**WHAT YOU HAVE TO DO:** Here the job is to repeat the listing exactly, but not the pictures in it.

**DATA PROVIDED:**
☆ ☆ ☆ ☆ ☆

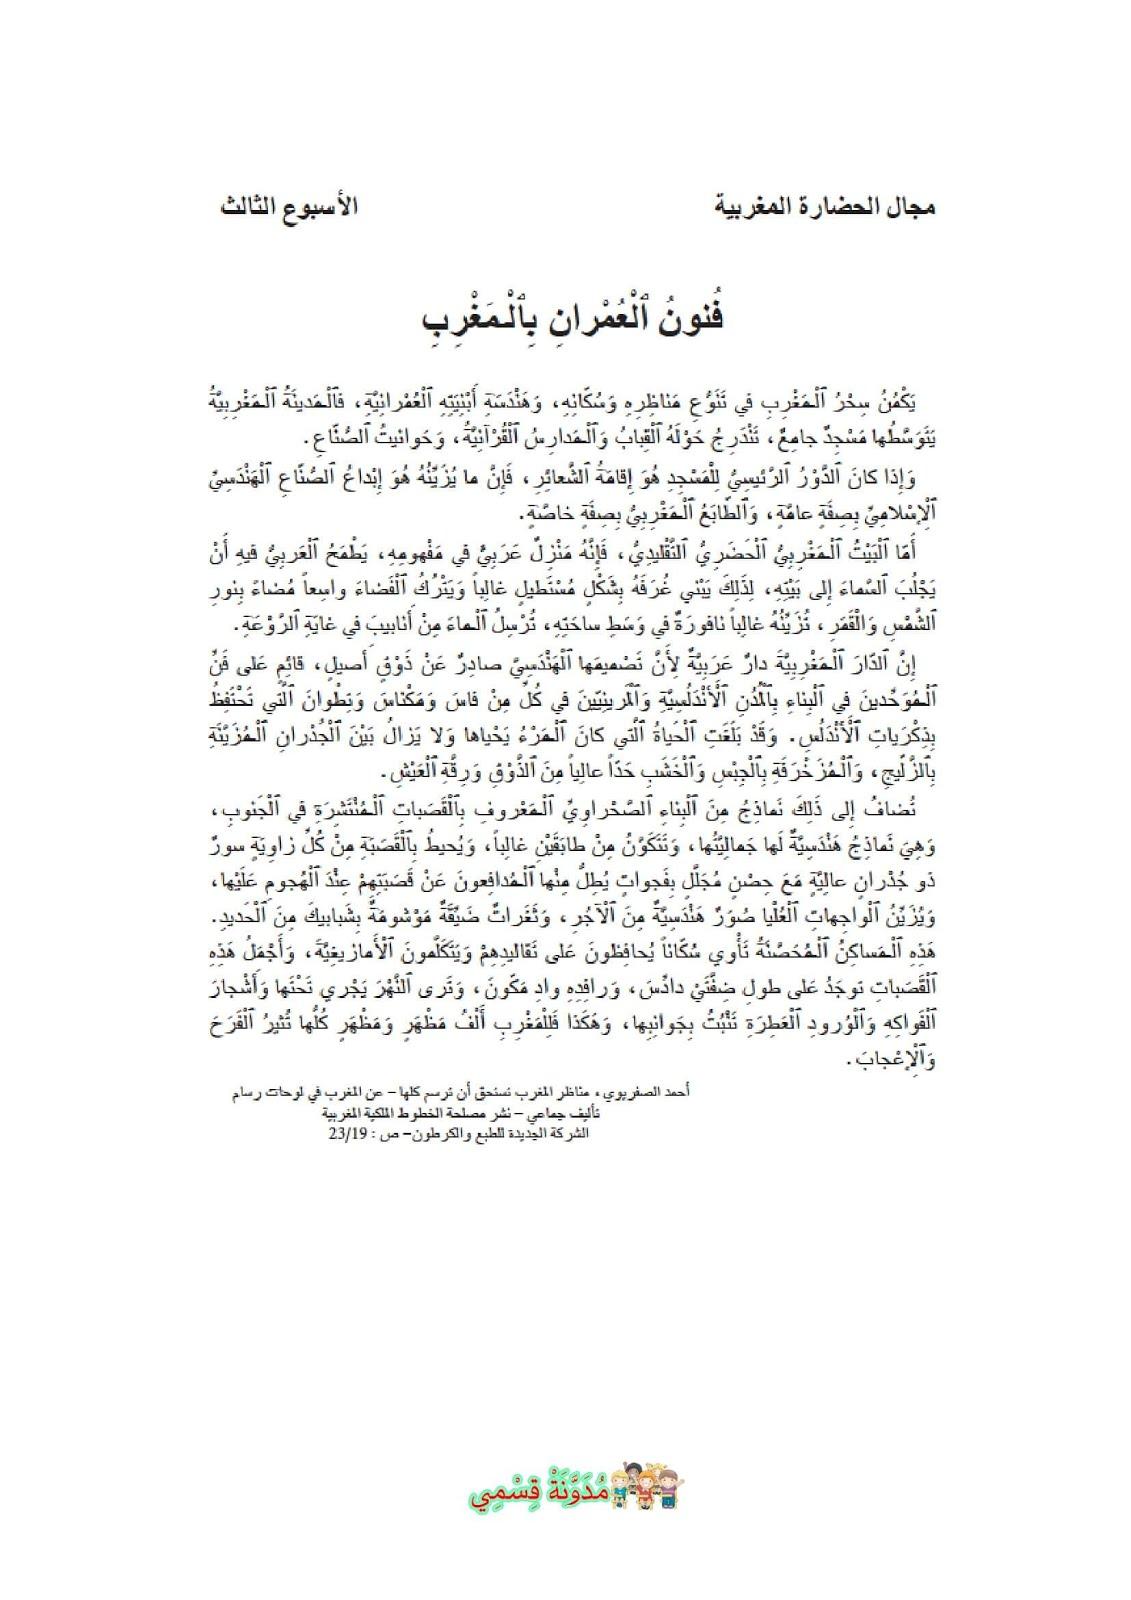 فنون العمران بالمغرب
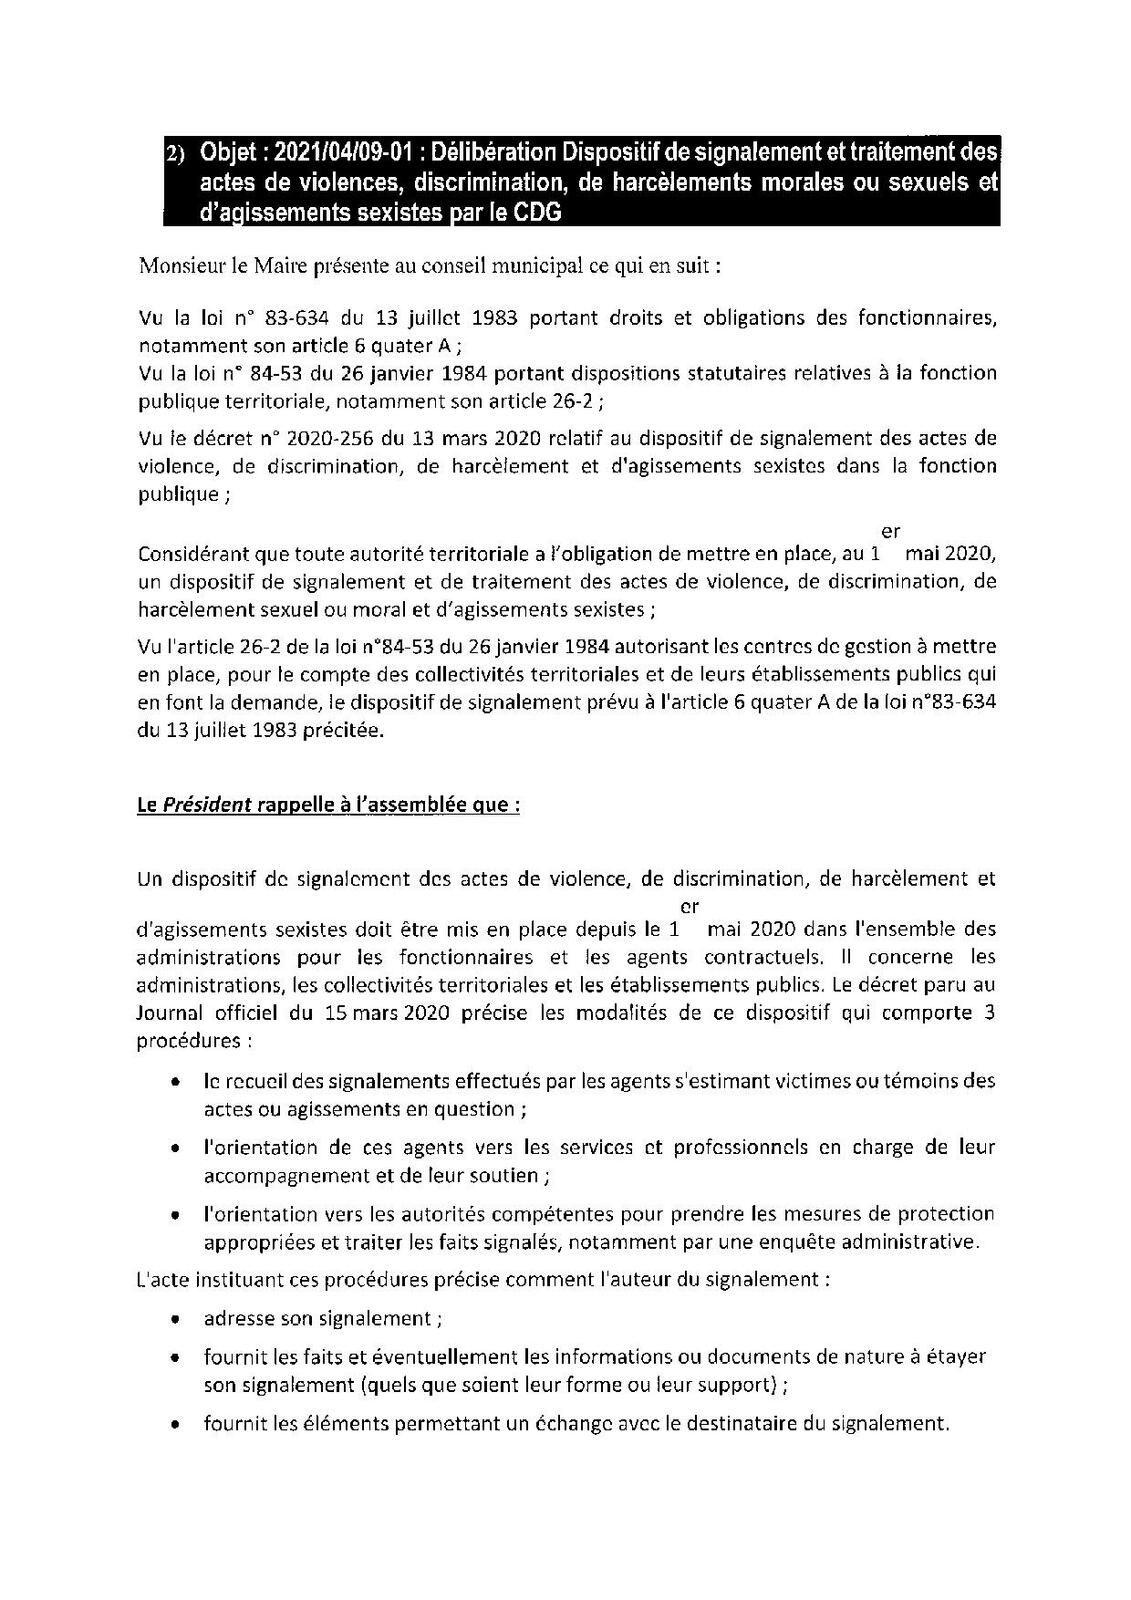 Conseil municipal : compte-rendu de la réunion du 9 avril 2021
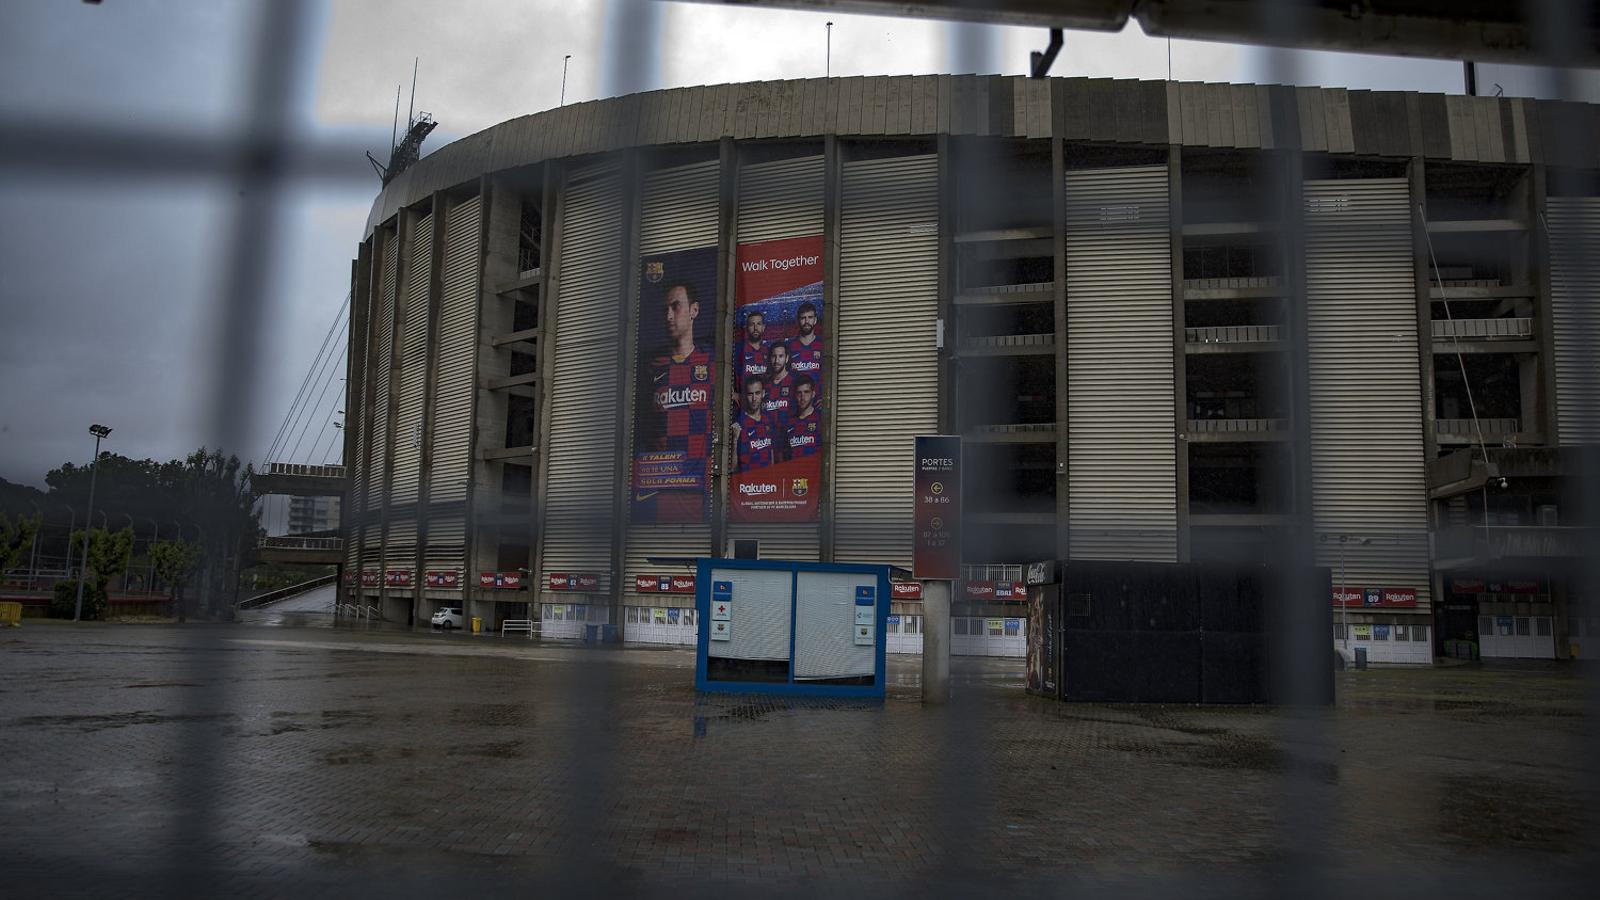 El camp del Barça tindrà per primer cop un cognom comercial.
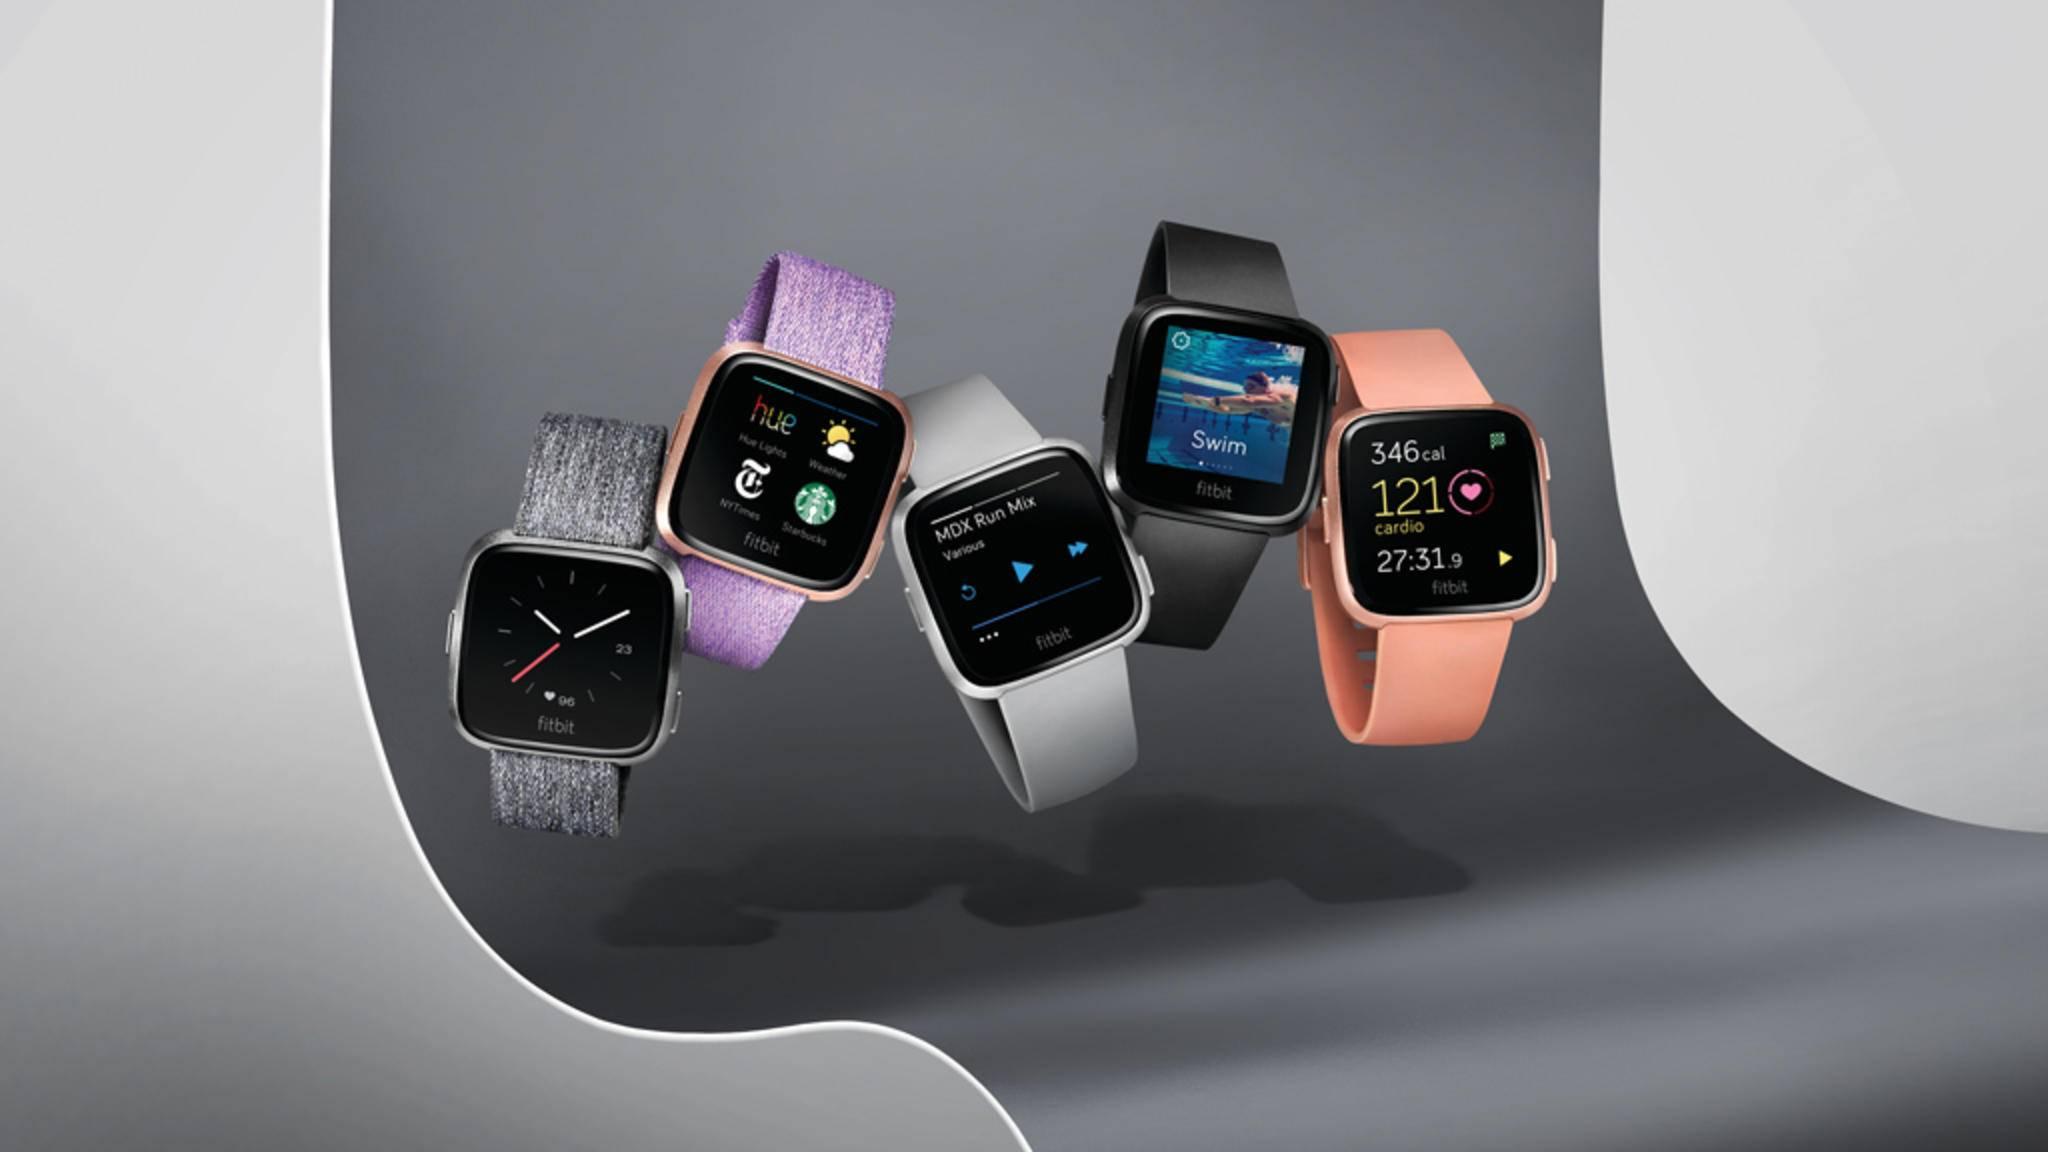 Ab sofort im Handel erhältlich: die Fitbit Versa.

☆ ☆ ☆ ☆ ☆

**RESULT:**
 فنون العمران بالمغرب
 Conseil municipal : compte-rendu de la réunion du 9 avril 2021
 El camp del Barça tindrà per primer cop un cognom comercial.
 Ab sofort im Handel erhältlich: die Fitbit Versa.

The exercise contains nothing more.